发布时间：2018-02-02 22:21

本文关键词： 合成氨余热回收换热器改造设计 T型翅片管强化传热　出处：《华东理工大学》2015年硕士论文　论文类型：学位论文

【摘要】：合成氨尿素工业废气经过一级余热回收后仍然拥有很高的能量,将其直接排放会造成极大的浪费。本文针对某合成氨尿素二级废热锅炉改造,结合T形翅片管换热器的结构特点,分析了其沸腾强化传热机理,对其进行了深入的研究,主要包括以下几方面的内容：(1)对余热回收技术及强化沸腾传热技术的研究现状进行了调研,结合沸腾传热机理,阐述了各种沸腾强化传热技术的优缺点。(2)给出了合成氨尿素二级余热回收锅炉的热力模型及工艺计算方法(包括改造前光滑管换热器及改造后T型翅片管换热器),并利用手算和HTRI软件对改造前后两种换热器进行了工艺分析与设计计算,发现现有设备已经无法满足换热要求。从强化传热角度来看,T型翅片管的管内传热系数约为光管的1.22倍,管外沸腾传热系数约为光管的1.24倍,总传热系数是光管的1.6倍。改造后的换热器在满足了设计要求的同时,所需换热面积明显低于改造前,大大节省了改造成本。
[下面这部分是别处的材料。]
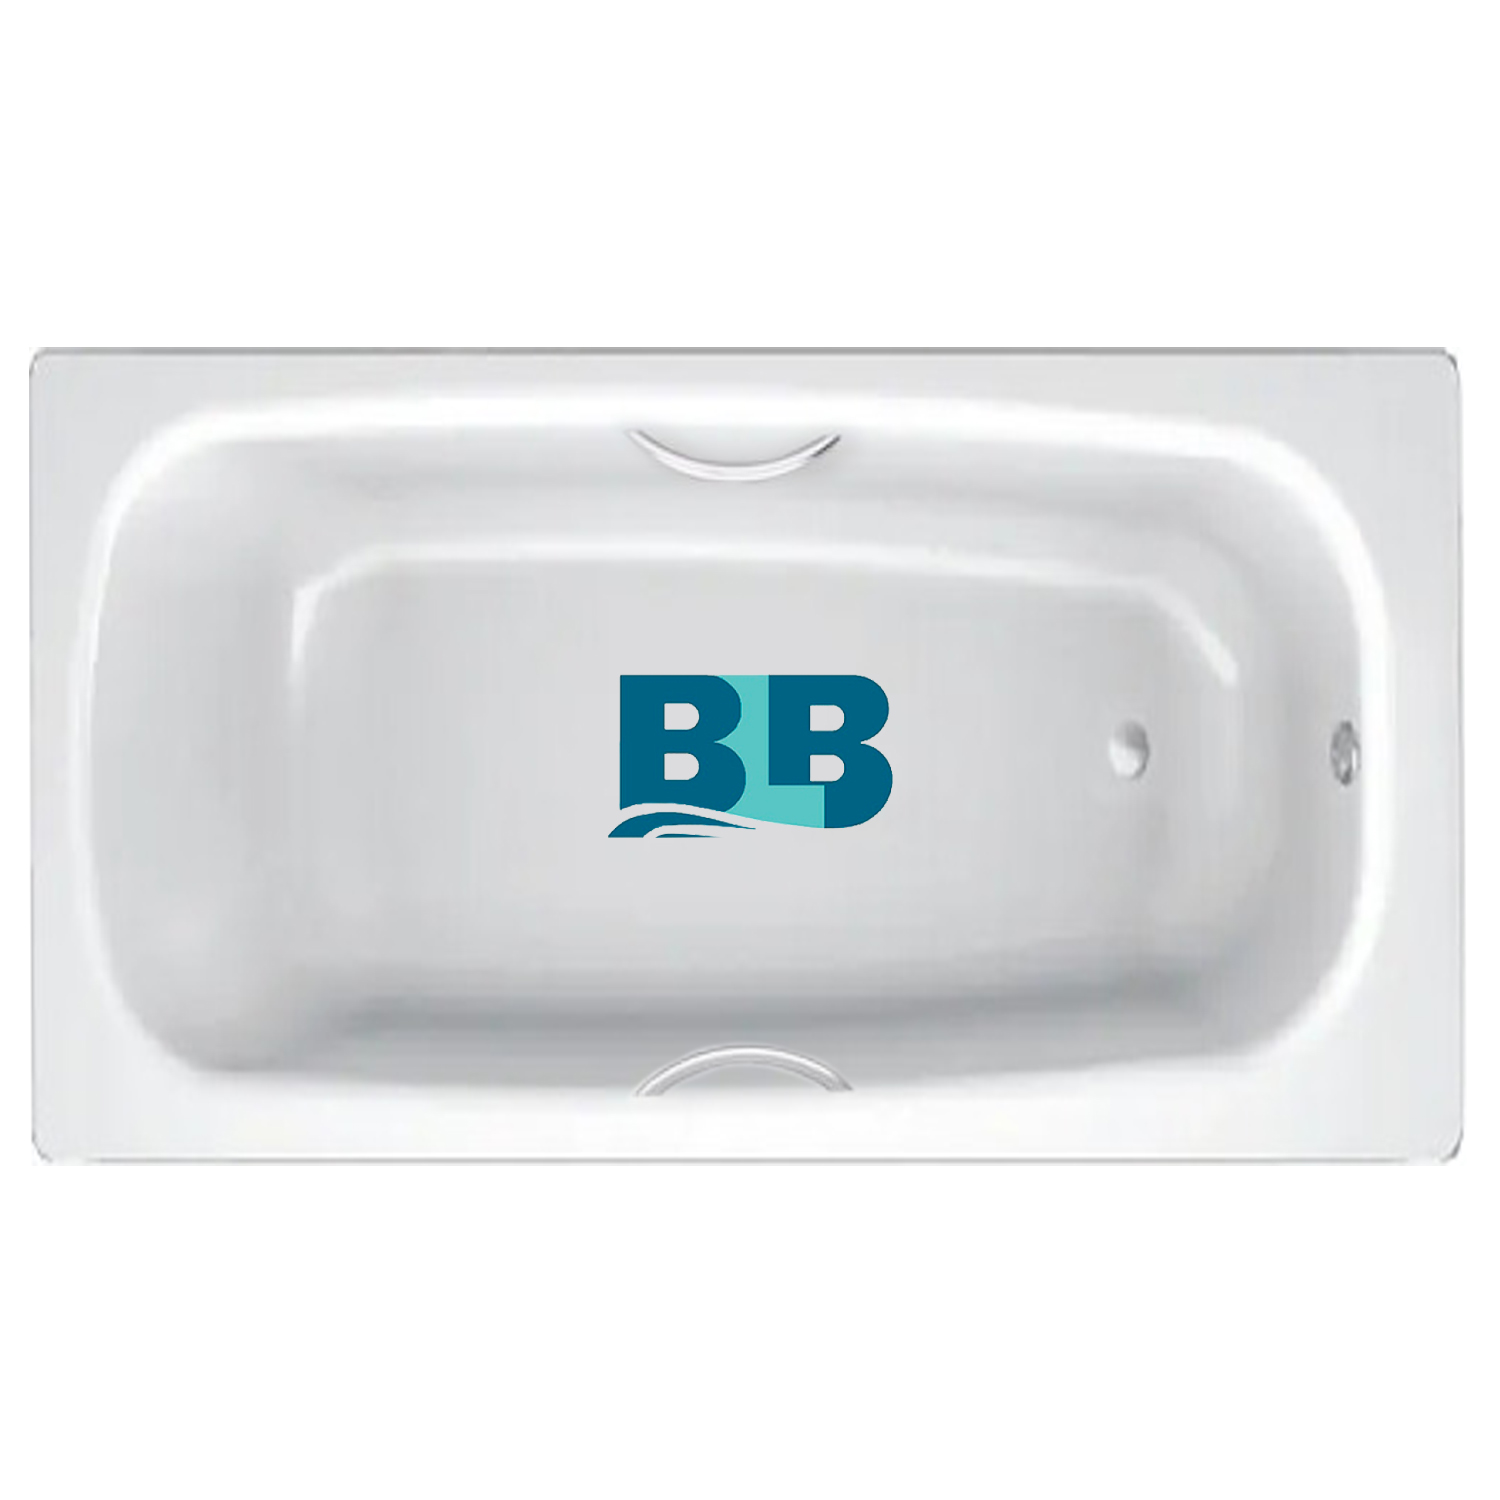 Ванна стальная blb europa. BLB apmstdbl1. Ванна стальная Universal HG BLB, С отверстиями для ручек. Код: 211310 стальная ванна BLB Universal b70h 170x70 см, с ножками apmstdbl1. Ванна стальная с ручками 150х75 и выступами.

(3)从换热器流体诱导振动的机理及振动判定依据出发,使用GB151附录E流体诱导振动计算对改造前和改造后的余热回收换热器进行了流体诱导振动分析。并对比了改造前后两台设备的流体诱导振动分析结果。计算结果表示,改造后的新型换热器壳程不会产生因卡门漩涡或紊流抖振产生管束振动,也不会发生声振动,与改造前相比具有更好的抗振性能。(4)利用大型计算流体力学软件Fluent对T型翅片管和光滑管管外流动沸腾进行了数值模拟研究,结合T型翅片管的结构特点,进一步说明了该换热管的强化沸腾传热机理。在本文研究的范围内,T型翅片管管外沸腾传热系数最大时高于光滑管23.2%,强化传热效果明显。同时,综合评价了T型翅片管强化传热和增加压降的性能。结果表明,其强化传热综合性能评价因子在不同流速下均大于1,说明T型翅片管有很好的强化传热效果。本文通过对该换热器上述问题的研究,完成了合成氨二级余热回收换热器的设计改造工作,同时深入探讨了改造后换热器的强化传热机理,对于同类余热回收热交换器的改造设计有很强的参考价值。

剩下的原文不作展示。